## Available data
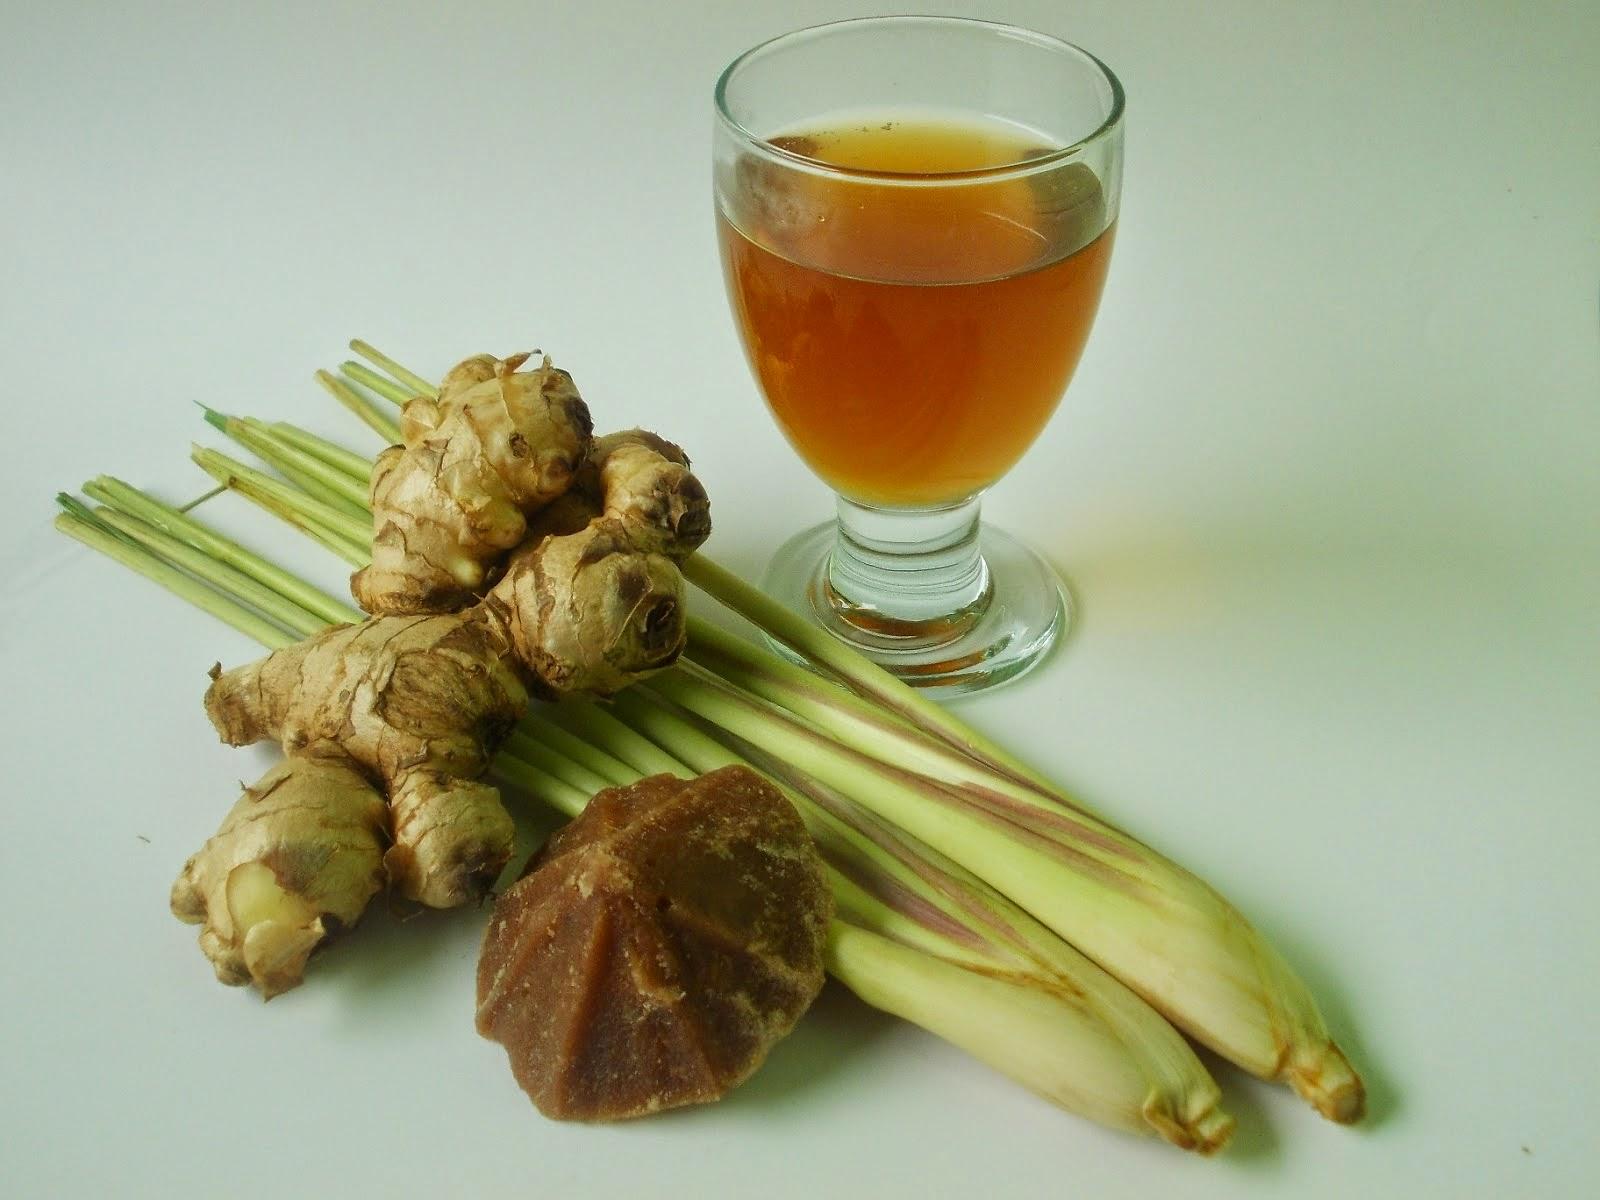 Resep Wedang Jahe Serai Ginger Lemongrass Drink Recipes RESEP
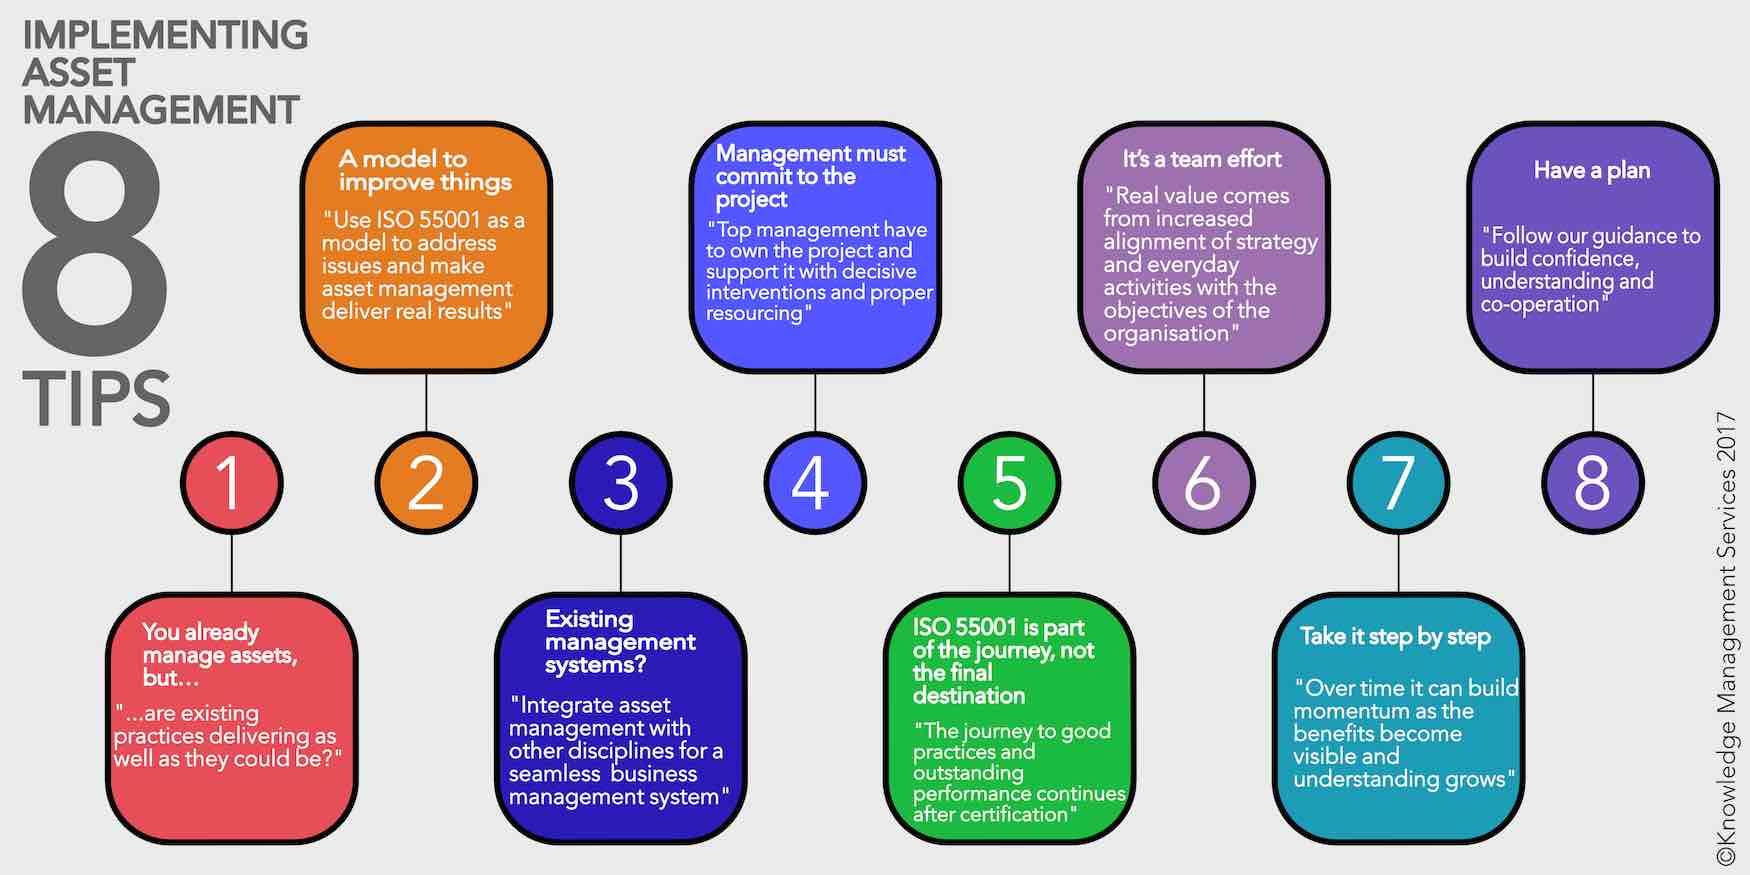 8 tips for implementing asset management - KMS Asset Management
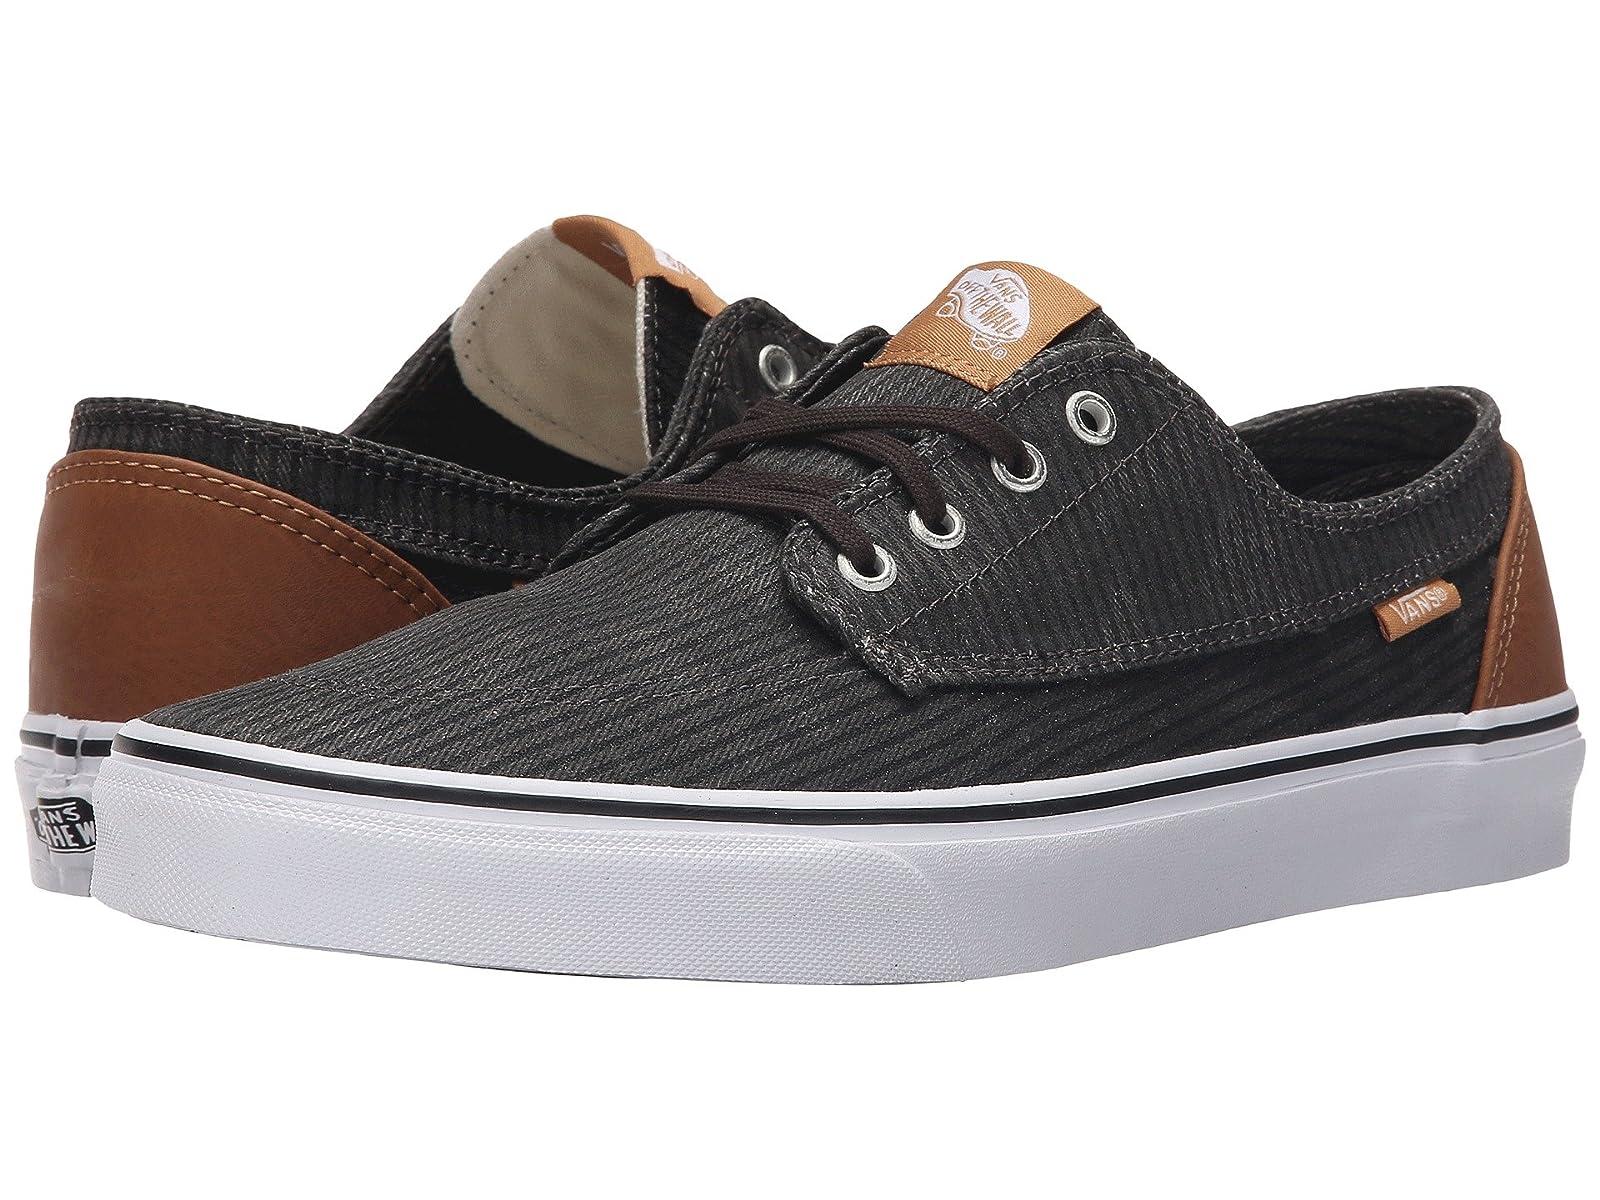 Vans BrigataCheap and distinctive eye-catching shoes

## Exercise prompt
I would like the data copied exactly as it stands, with no pictures included.

## Your response
 Resep Wedang Jahe Serai Ginger Lemongrass Drink Recipes RESEP
 8 tips for implementing asset management - KMS Asset Management
 Vans BrigataCheap and distinctive eye-catching shoes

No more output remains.